BMIZ is moderately correlated with adiposity in infancy. Changes in BMIZ are a poor indicator of adiposity changes in later infancy. BMI and BMIZ are limited as surrogates for adiposity and especially adiposity changes in infancy.

Keywords: body composition, infant


Anthropometric measures of body proportionality are widely used in research and clinical practice as surrogates for body composition. In particular, body mass index (BMI, kg/m2) is often used as a proxy for adiposity, based on high correlations (correlation coefficients of 0.79–0.92) between BMI and directly measured adiposity in adults (1), adolescents (2,3), and school-aged children (25). In infants, BMI and other indices of body proportionality such as weight-for-length (WFL, kg) have similarly been interpreted as surrogates for adiposity, with higher BMI or WFL measurements interpreted as reflecting higher adiposity (611).

BMI in infancy is predictive of subsequent obesity, with higher peak BMI, rapid increases in BMI, and BMI z-score (BMIZ) values above the 85th percentile all associated with obesity in early childhood or adulthood (10,1215). However, the extent to which BMI, BMIZ, and their changes over time accurately reflect adiposity gains in infancy is poorly understood.

Although a few prior studies have examined associations between BMI or BMIZ and adiposity in infancy, most were limited by small sample sizes (<70 infants) (1820), limitation to a single ethnic group (21), or methods of body composition assessment (such as isotope dilution or total body electrical conductivity) (1820,22,23) that are potentially less accurate than newer methods such as dual-energy x-ray absorptiometry (DXA) (24,25). One recent study, using air displacement plethysmography, overcomes most of those limitations, but only assessed infants at 2 time points and only followed infants to 5 months (27). Therefore, we analyzed the associations of BMI and BMIZ, and their changes over time, with adiposity in a large, racially diverse cohort of healthy infants during the first 7 months of life.

METHODS

This study was conducted as a secondary analysis of data collected during a previously completed study of maternal vitamin D supplementation (28). Mother-infant dyads were recruited from the newborn nursery at the Medical University of South Carolina in Charleston, South Carolina or Rochester General Hospital in Rochester, New York, as well as from local community hospitals in Charleston and Rochester, between January 2007 and December 2011. Eligibility criteria included healthy singleton infant born at ≥35 weeks gestational age, age of infant at enrollment <6 weeks, and mother planning to exclusively breastfeed or exclusively formula feed for 6 months. Mothers were excluded if they had pre-existing type 1 or 2 diabetes mellitus, hypertension, parathyroid disease, uncontrolled thyroid disease, hypocalcemia, hypercalcemia, or were taking diuretics or cardiac medications. Infants were excluded if they had an inborn error of metabolism, congenital anomalies, or admission to the neonatal intensive care unit lasting >72 hrs. Eligibility criteria for this secondary analysis included any infant with at least one visit with both anthropometric data and body composition measurement. Of the 460 infants enrolled in the original study, 447 (97%) were included in the analysis; 13 were excluded because they had no DXA measurements performed.

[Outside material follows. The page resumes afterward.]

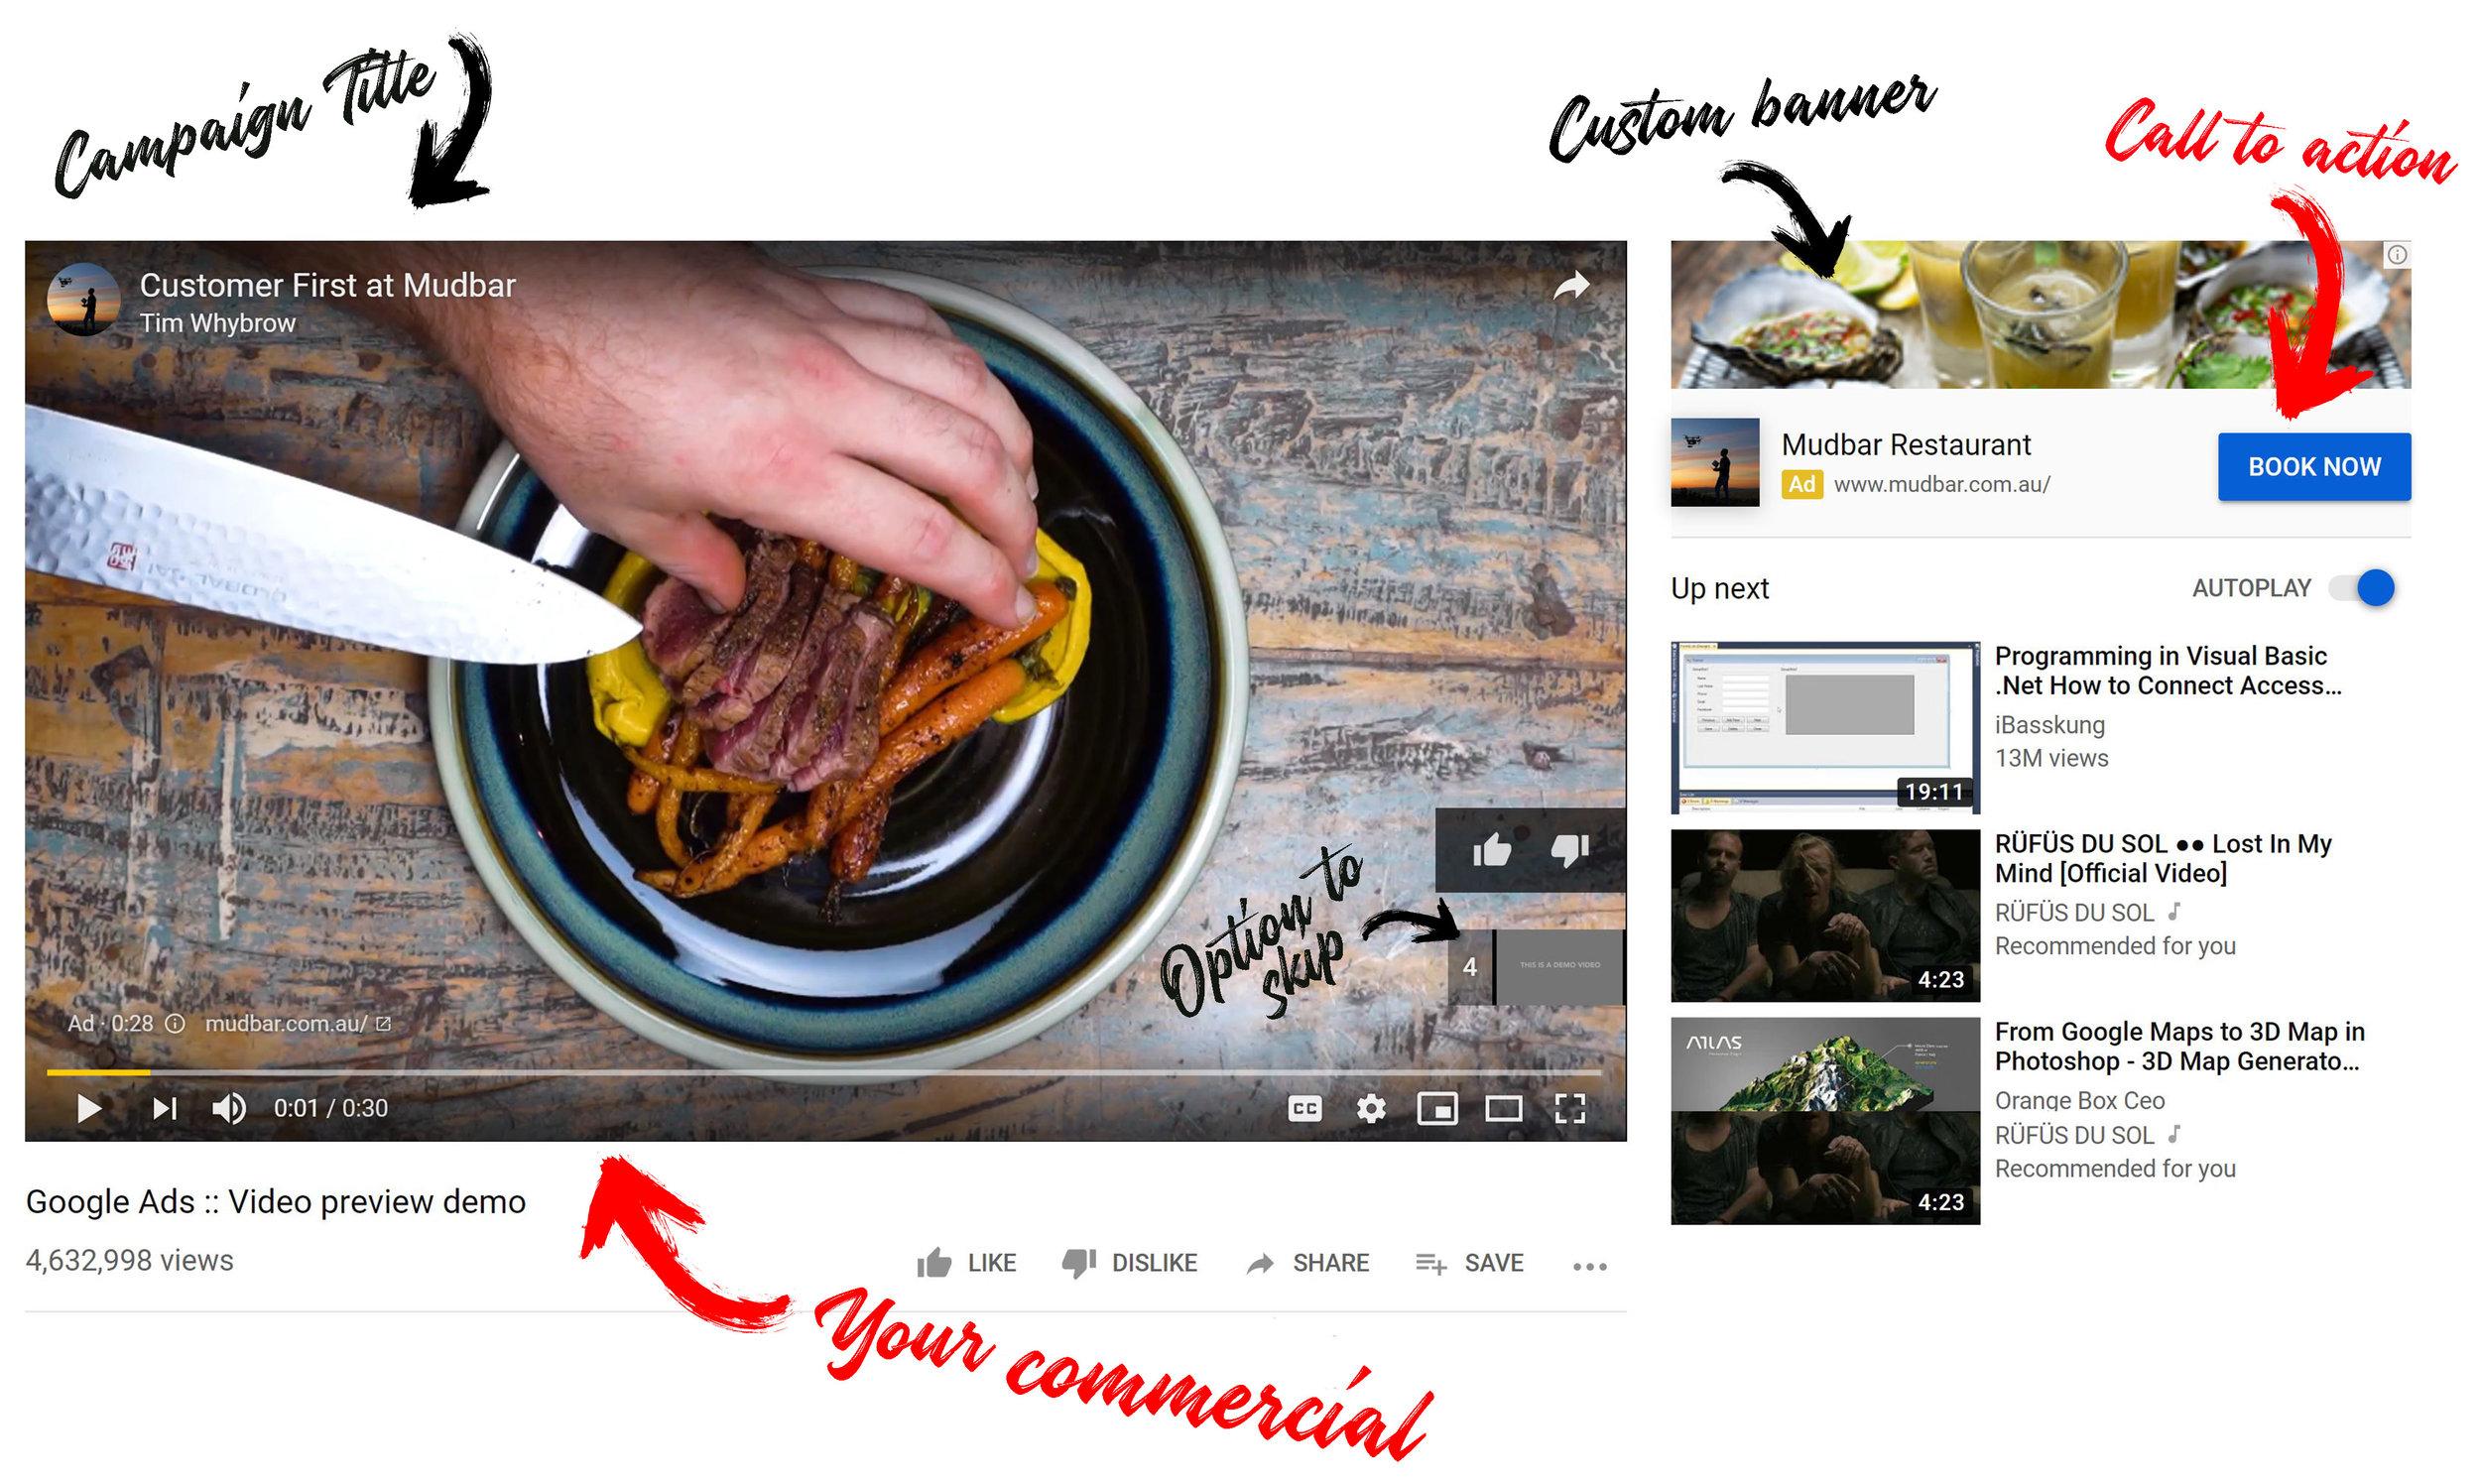 YouTube advertising tasmania

Birthweight was obtained from the infants’ medical records. Subsequent weights and lengths were measured monthly by trained study staff. At each study visit, infants were weighed on a standard infant scale (Scale-Tronix, Inc, Wheaton, IL) to the nearest gram and length was measured to the nearest 0.1 cm on either a vinyl or plexiglass infant length board (Perspective Enterprises, Portage, MI) by the two-person technique. BMI was calculated using the standard formula: weight/length2 (kg/m2). Birthweight z-scores were determined from the 2010 Olsen growth charts accounting for gestational age and sex (29). Z-scores were computed for weight, length, BMI, and WFL at 1, 4, and 7 months using the World Health Organization growth standards via the macro ‘WHO Child Growth Standards SPSS Syntax File (igrowup.sps)’ (World Health Organization, Geneva, Switzerland, 2005).

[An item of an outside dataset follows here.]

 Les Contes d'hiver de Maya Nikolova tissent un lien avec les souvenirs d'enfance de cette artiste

At 1, 4, and 7 months, infants underwent whole body dual-energy radiograph absorptiometry using a Hologic Discovery A (Hologic, Inc, Waltham, MA) with the Hologic infant whole-body software (version 12.7.3:3). Both study sites used a Hologic Discovery A and a spine phantom standard was sent to each site twice during the study period for cross-calibration of the scanners; 20 scans were performed at each site on the phantom, with correlation 0.998 and no statistically significant differences in body composition of the phantom as measured by the two different scanners. A standard procedure was followed to limit infant movement and only scans without motion artifact were used. DXA is safe (radiation exposure equivalent to about 1 day’s exposure to background radiation), as accurate as more sophisticated methods for measuring infant body composition such as magnetic resonance imaging (30), and is superior to anthropometric measures such as skinfold thicknesses (25).

We obtained 2 measures of adiposity—body fat percentage (BF%) and fat mass (in kg)—from each scan. We then calculated a third measure of adiposity, fat mass index (FMI), from the standard formula: fat mass/length2 (kg/m2), using the length measured by study staff. BF% is the most commonly used measure of adiposity in research (31), but has been criticized as a poor measure of adiposity because it is affected by changes in lean mass even if fat mass does not change (31,32). Measuring fat mass alone does not account for proportionality of the fat mass for body size, whereas the FMI adjusts for the patient’s height or length (31,32). It is unknown which measure of adiposity is most predictive of subsequent health outcomes; therefore, we examined all three measures. Lean mass (in kg) also was obtained directly from each scan and used to calculate the lean mass index (LMI) using the formula: lean mass/length2 (kg/m2).

The trial from which these data were obtained was approved by the Institutional Review Boards of the Medical University of South Carolina (#16536) and the University of Rochester (#14460) and was registered via clinicaltrials.gov (NCT00412074). Parents of infants who participated in the study provided informed consent. This secondary analysis of de-identified data was classified as exempt by the Institutional Review Board of Brigham and Women’s Hospital.

Statistical Analyses

Using the DXA-derived adiposity measures as the gold standard for adiposity, we calculated correlation coefficients to examine the extent to which anthropometric measurements were correlated with adiposity at each time point. We chose Spearman (rs) rather than Pearson correlation coefficients because they do not assume normality of data or a linear relationship between the measurements. To evaluate whether changes in BMI and BMIZ were associated with changes in adiposity, we calculated Spearman correlation coefficients between pairs of changes in anthropometric measurements and concurrent changes in body composition. Pearson correlations were almost identical to Spearman correlations (data not shown).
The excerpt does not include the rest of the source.